- [DATA BELOW]
::::::::

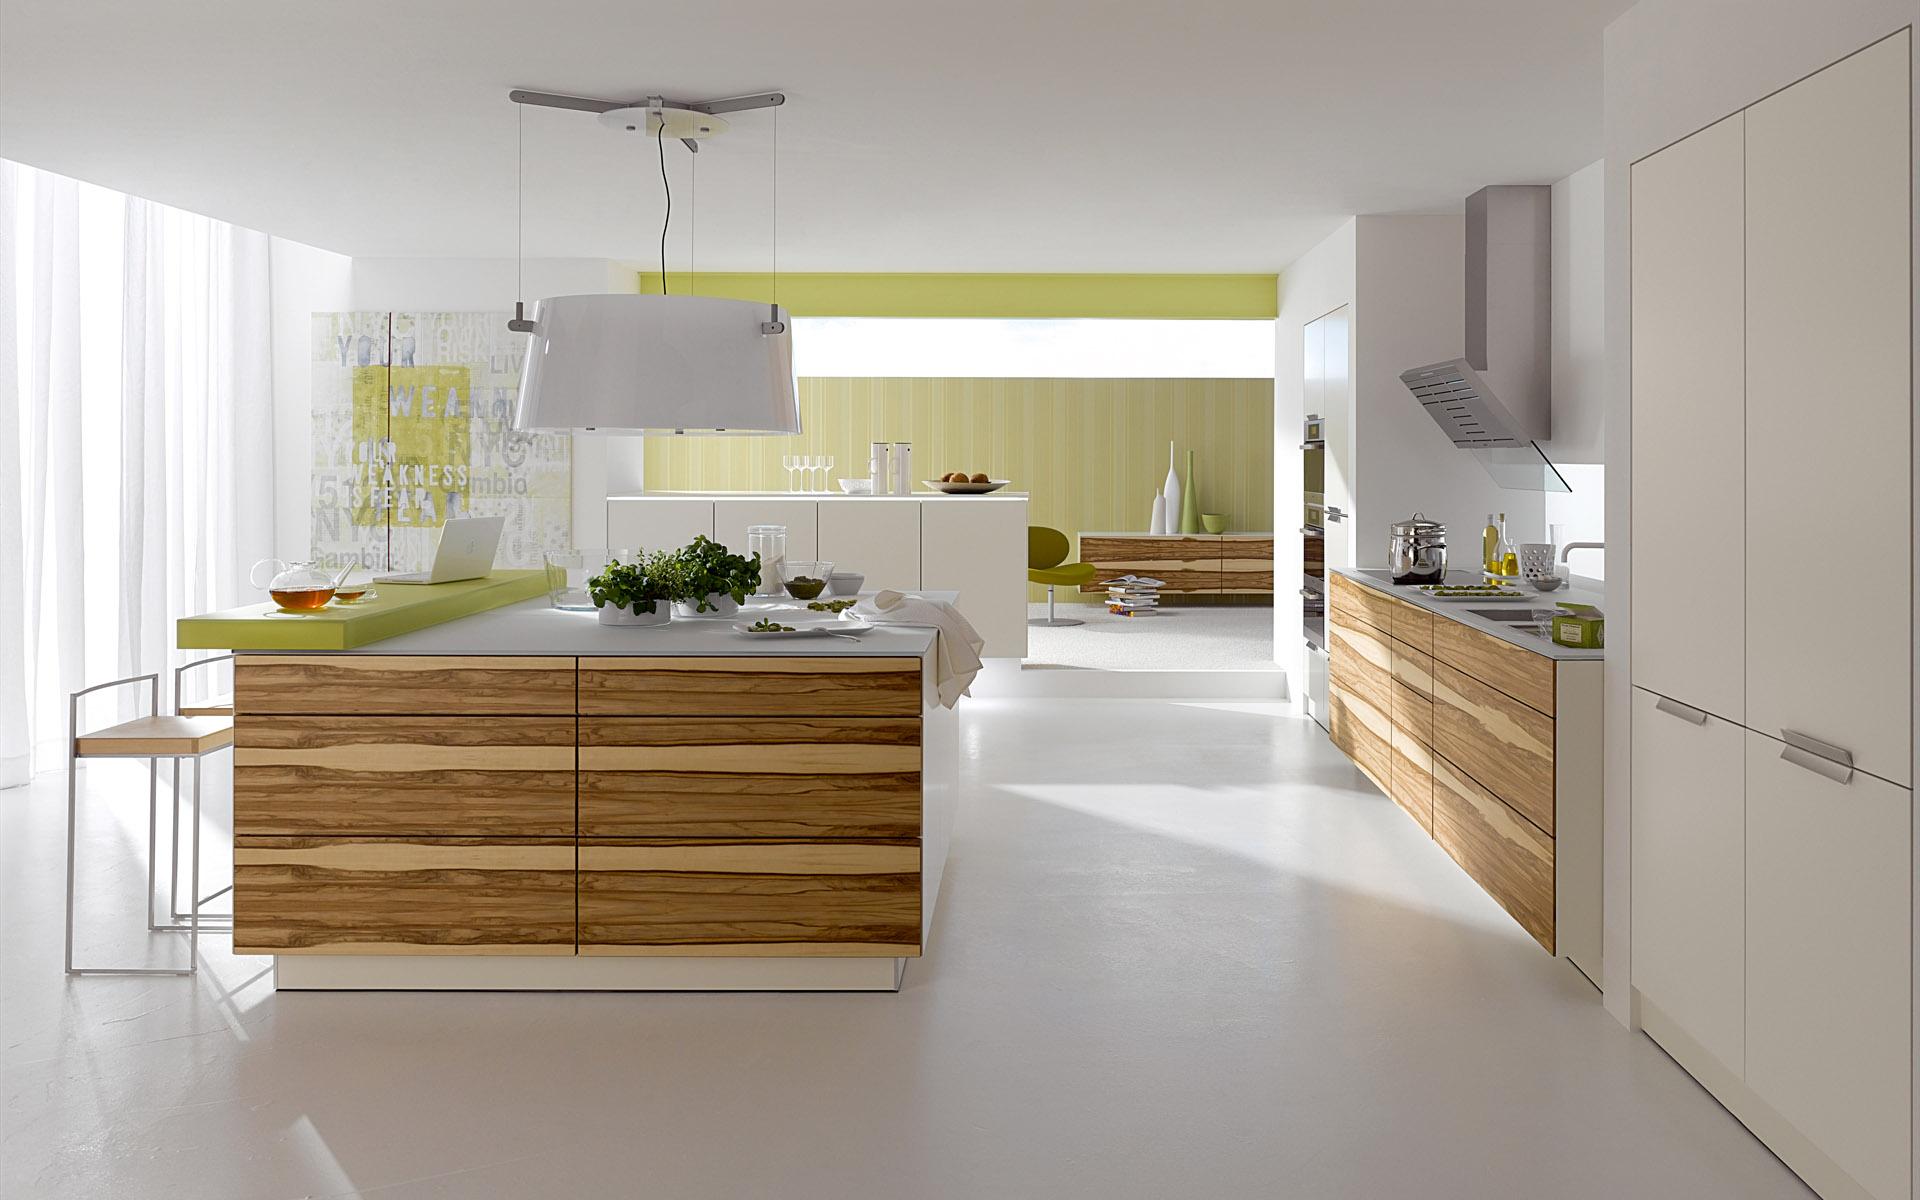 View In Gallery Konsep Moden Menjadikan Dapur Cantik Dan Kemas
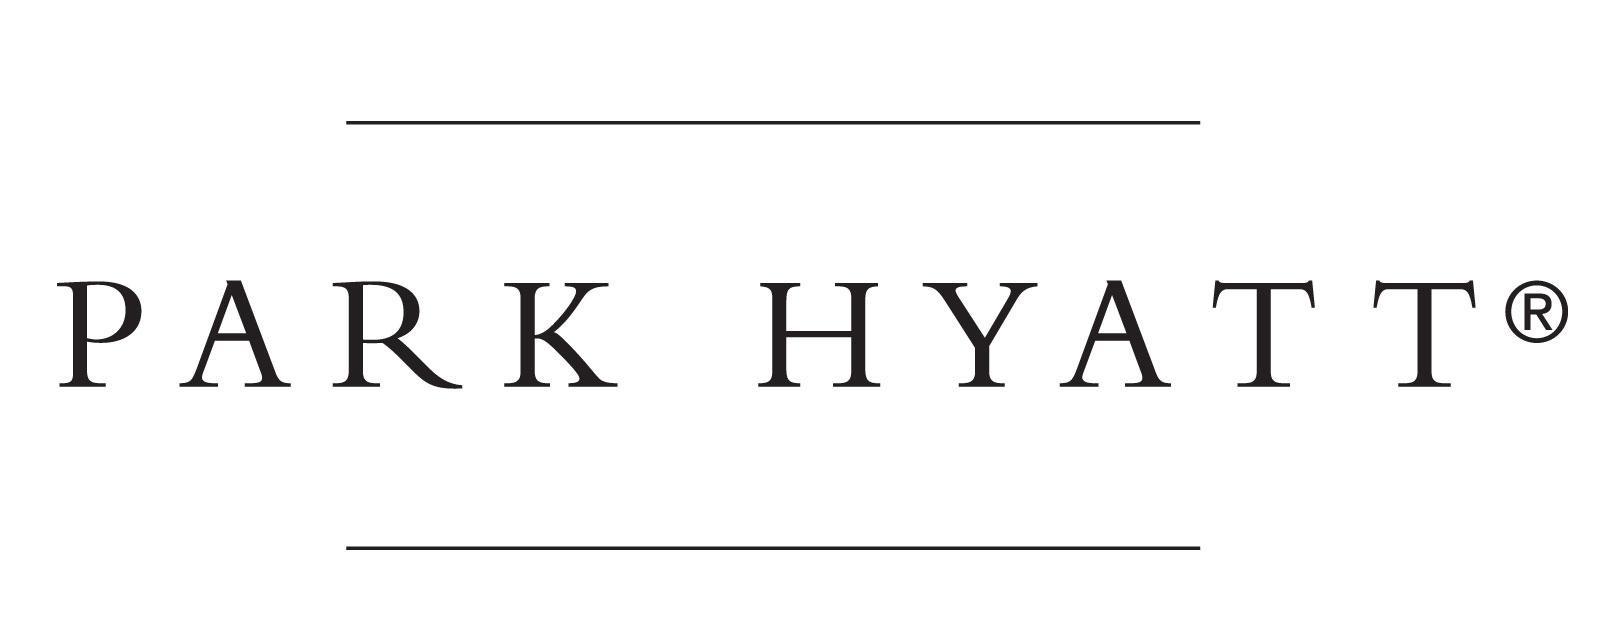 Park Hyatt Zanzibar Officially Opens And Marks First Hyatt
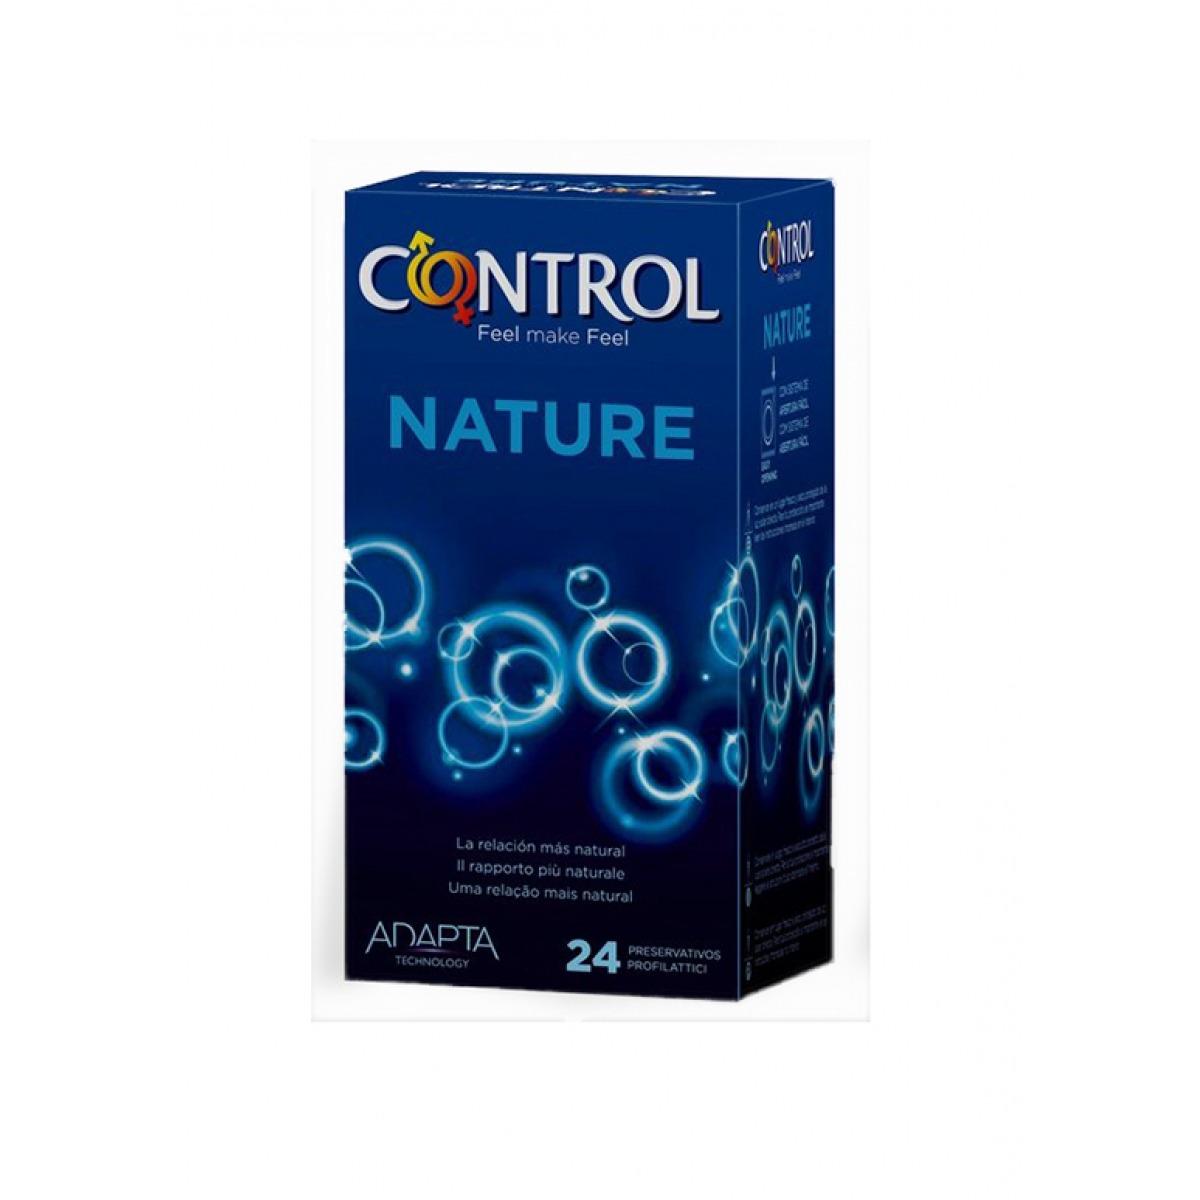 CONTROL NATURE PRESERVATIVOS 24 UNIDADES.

::::::::

- [WORK ITEM] Extract the full listing above verbatim; pictures are to be left out of the copy.

- [RESULT OF THE EXERCISE]
 View In Gallery Konsep Moden Menjadikan Dapur Cantik Dan Kemas
 Park Hyatt Zanzibar Officially Opens And Marks First Hyatt
 CONTROL NATURE PRESERVATIVOS 24 UNIDADES.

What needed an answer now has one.